Ostras, ostras

Aquellas ostras eran amigas de toda la vida. Vivían en el mar del Caribe, resguardadas del peligro bajo una roca plana. Esto les permitía observar el paisaje, disfrutando de la luz vertical del sol ecuatorial.
-Míranos- se lamentaba una de ellas- aquí toda la vida, sin poder movernos, sin poder ir en busca de nuestra comida.
Las otras abrían sus bocas aburridas, esperando que la corriente les trajera algo de alimento. Las rayas, los peces loro, mariposa o león deambulaban felices acercándose a la superficie y zambulléndose de nuevo tanto como les placía. 
Cuando llegaba el mal tiempo para todos, las ostras se alborozaban. “A río revuelto, ganancia de pescadores”, soñaban. Las tormentas repentinas removían la arena y arrastraban el plancton a las hambrientas ostras.
El pasado mes de marzo una tempestad cambio sus vidas. Un golpe de mar destrozó una roca en mil pedazos, muchos de los cuales fueron a alojarse en el interior de las ostras de la colonia. Los más cortantes hirieron sus corazones. No había manera de deshacerse del dolor continuo que les provocaba.

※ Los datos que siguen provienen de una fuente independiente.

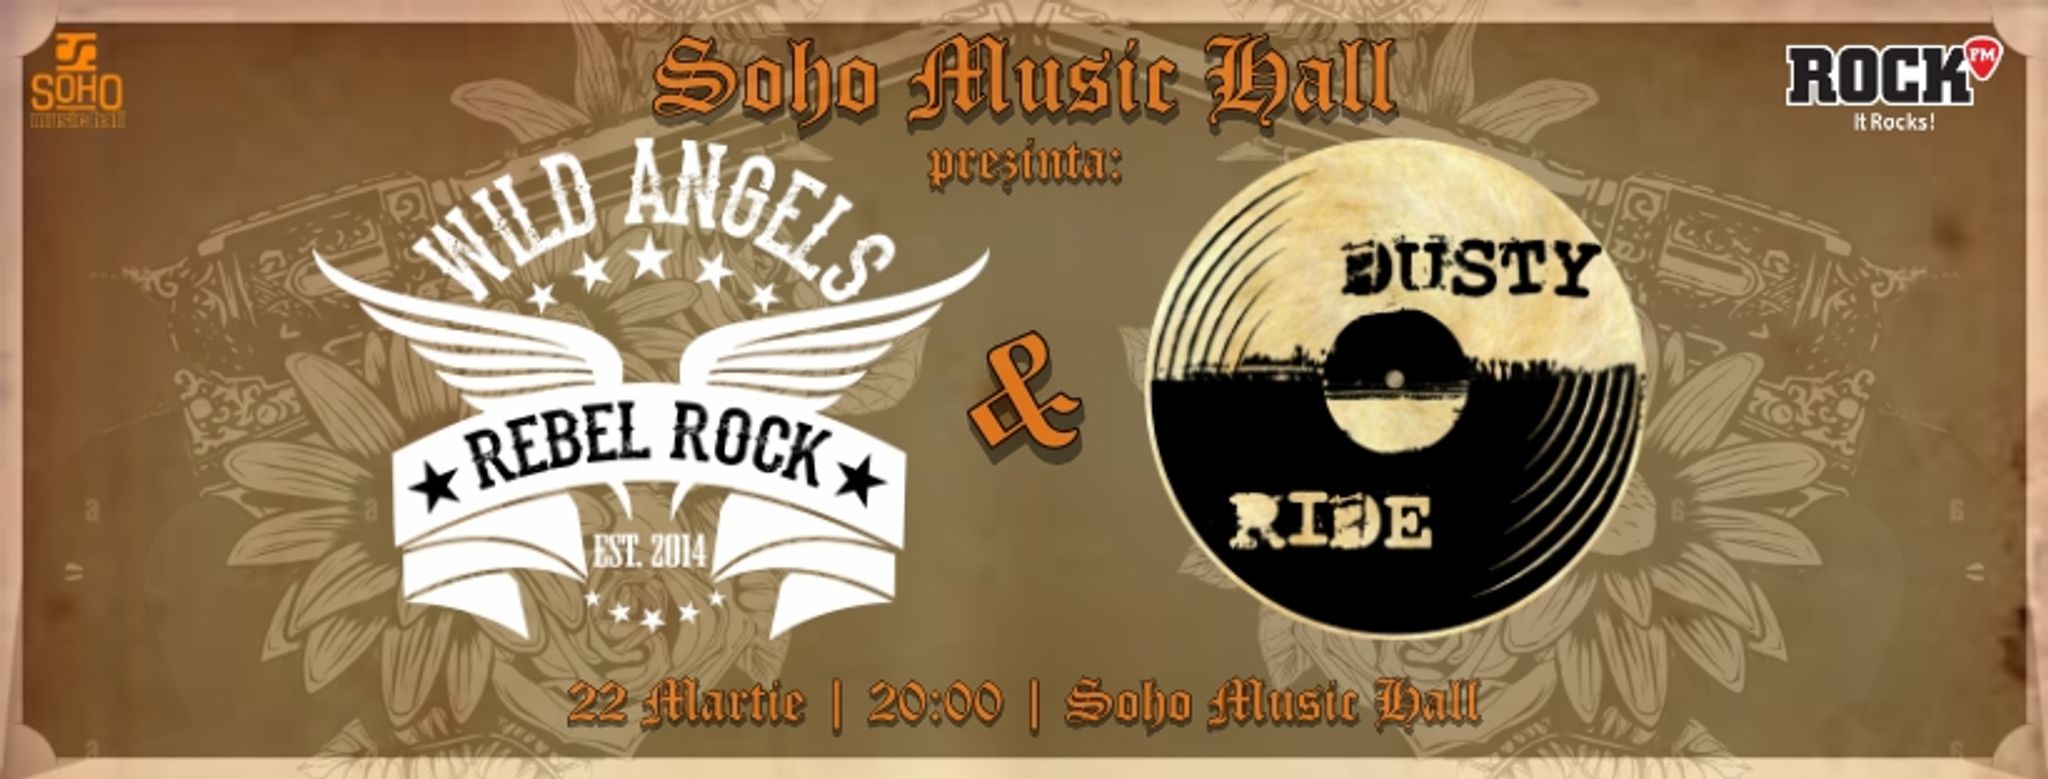 WILD ANGELS si DUSTY RIDE live
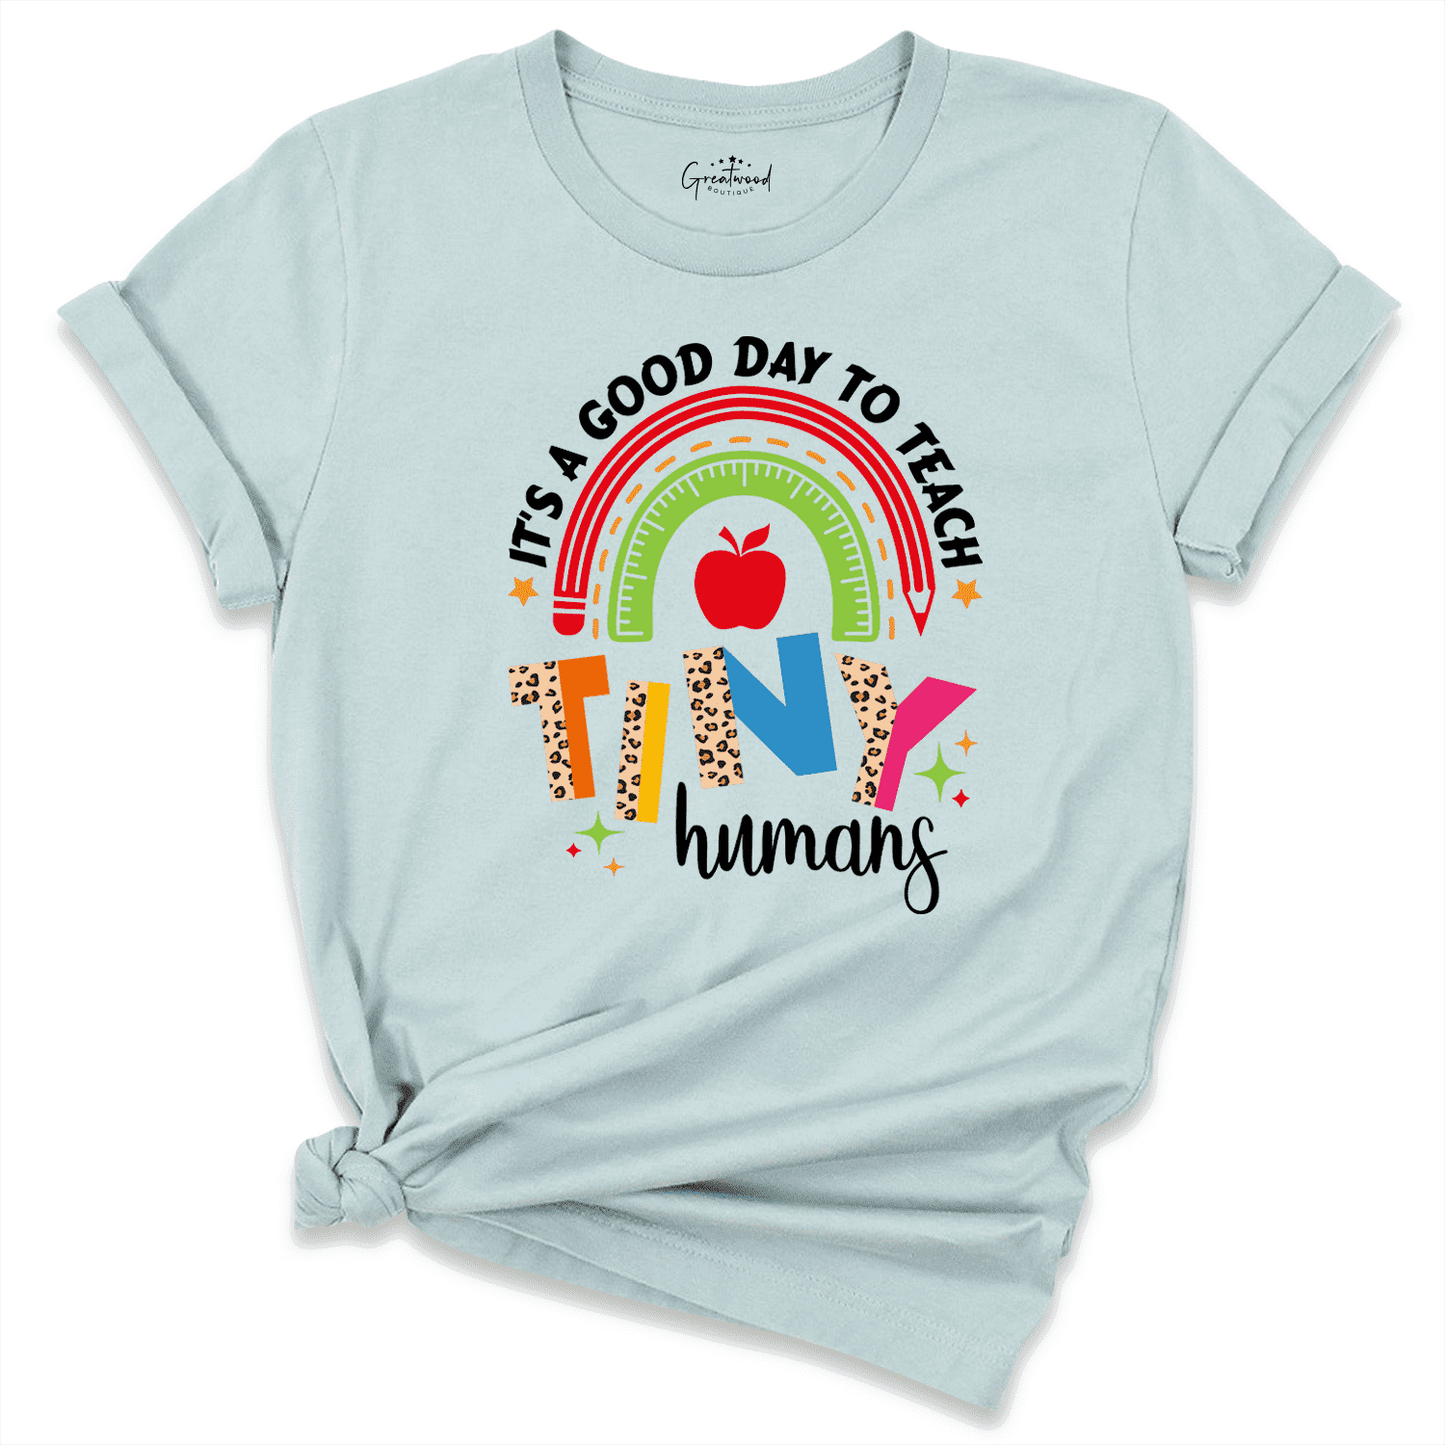 It's A Good Day To Teach Tiny Humans Shirt Blue - Greatwood Boutique

Otra de ellas decidió convertir la tragedia en oportunidad. Construir en vez de quejarse. Aprovechar la adversidad para obtener algo de valor. 
Intuyó que siempre se podía sacar algo bueno de una mala experiencia, al fin y al cabo era lo que habían hecho toda la vida: alimentarse en las tormentas. Así es que, usando sus armas, abrazó la roca y la envolvió con saliva, y mucha paciencia, hasta que en pocas semanas dejo de doler. Siguió el abrazo y la paciencia, y la herida sanó completamente. 
Un año después, aquella roca era una perla preciosa.